Contributed by Heather Kitching Publicity
Most musicians “turn pro” hoping to make a living making art. Few would turn their nose up at a little critical praise or commercial success. But music plays a more novel role in the lives of Sheree Plett and Jeremy Eisenhauer, collectively known as The Eisenhauers: touring is a tie that binds their marriage together.
So if you’re wondering how this winsome country roots duo with heartbreakingly sweet vocals, stirring harmonies and beguiling acoustic picking escaped your attention for the past twelve years, well, they were just too busy being a happy troubadour family to think of telling media they existed.
Until now that is.
Having followed Jeremy’s carpentry enterprise to Kaslo, B.C. and merged their respective solo projects into a single, breathtaking act, they decided to try their hand at a more conventional music career – so they went to Nashville to make a record with the go-to-guy for great roots music: Steve Dawson. They came away with a record deal with Dawson’s Black Hen label.

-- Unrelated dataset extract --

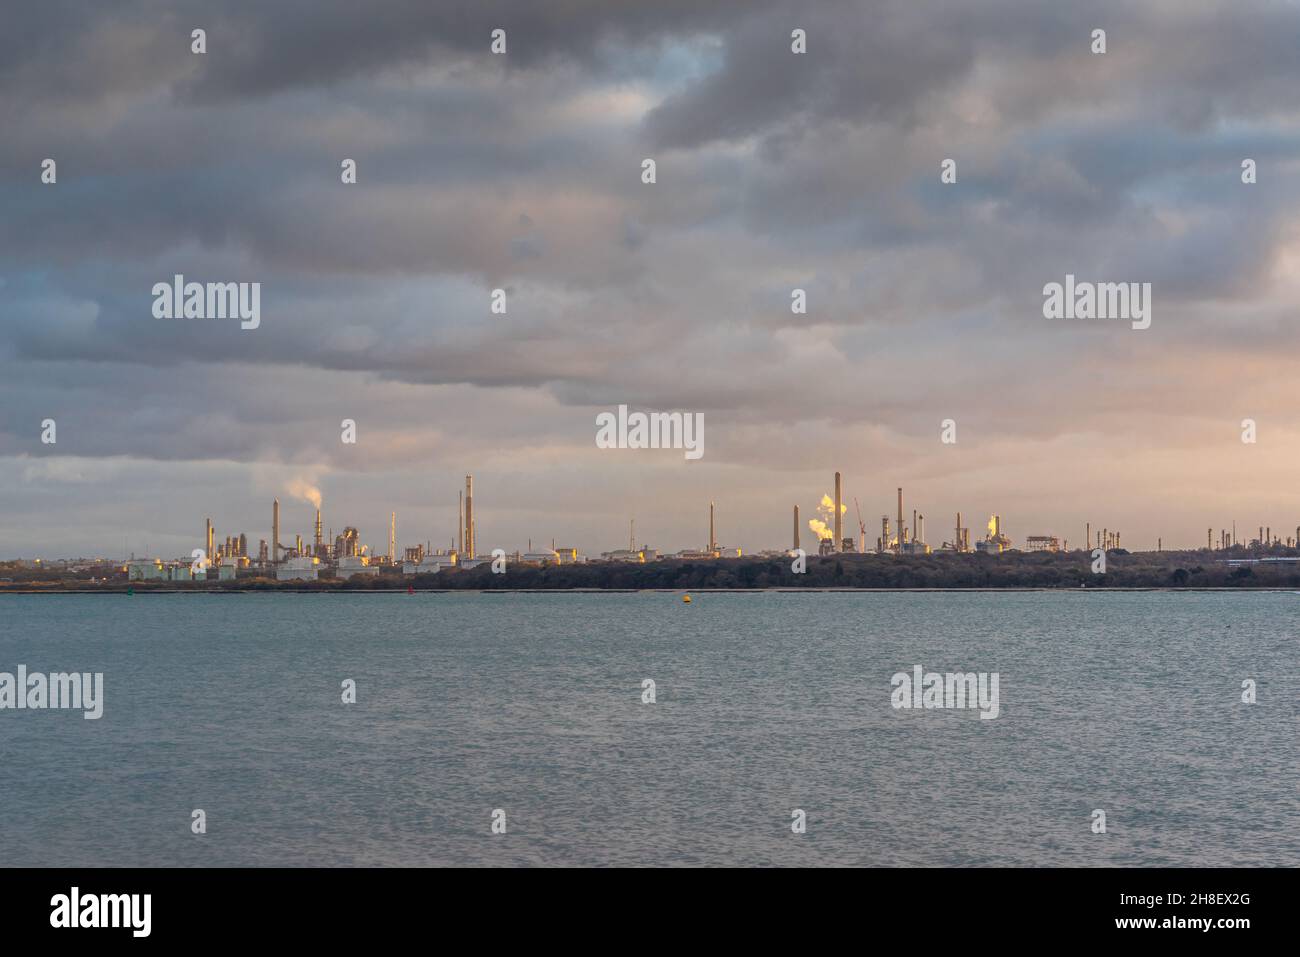 Fawley Oil Refinery during sunset as seen from Netley, Southampton, Hampshire, England, UK Stock Photo

Now they’re readying the release of their duo debut, The Road We Once Knew, due April 21. The album is packed with all the stuff great southern roots is made of: authentic, down home songs about family, rural life, and yes, even church. They’ll be launching the album this Saturday, April 22, when the are the featured act at the Revelstoke Coffee House.
Plett and Eisenhauer met when both were recent college drop-outs looking to connect with other musicians in B.C.’s Fraser Valley. Eisenhauer started out as an awkward fanboy of Plett’s divine singing voice and extreme coolness, so his early attempts at getting to know her were less than seductive. Fortunately, the opportunity to tour together as part of a larger band cemented their relationship, and they were married two years later.
However, it wasn’t until Eisenhauer found himself unemployed that music became central to their marriage. On a whim, he decided to book the pair a three month tour to allow them to promote their respective solo CDs. The experience of living out of a Subaru for three months brought them closer together and inspired them to make touring a regular part of their lives.
They toured cross-Canada four times as solo artists, and they toured Western Canada at least 13 times. Each time, they’d play the west-to-east leg of the tour as Sheree Plett and the return leg as Eisenhauer – each taking his/her turn backing the other on stage. Occasionally, the industry took note; staff of the Feldman agency expressed their admiration but said they figured the duo wasn’t interested in being the next Avril Lavigne – a totally fair conclusion.
Much has happened in the past three years to put the pair on a path to a more fulfilling type of musical career. First, the slower pace of life in their new home of Kaslo allowed them to connect as songwriters like never before, paving the way for a true duo project. Secondly, a meeting with Dawson shortly before the move cemented their relationship with a producer who could elevate their sound without compromising its authenticity.
The result is an album that many music fans will discover with the same sense of revelation that they once discovered artists such as Kasey Chambers, Shawn Colvin and Anaïs Mitchell. The heavenly vocals, the simple, heartrending string arrangements, the gentle harmonies and the duo’s overall maturity of sound will endear them to all who love sweet, earthy acoustic roots.
Catch The Eisehenauers at the final Revelstoke Coffee House of the season at the United Church on Saturday, April 22, at 7:30 p.m.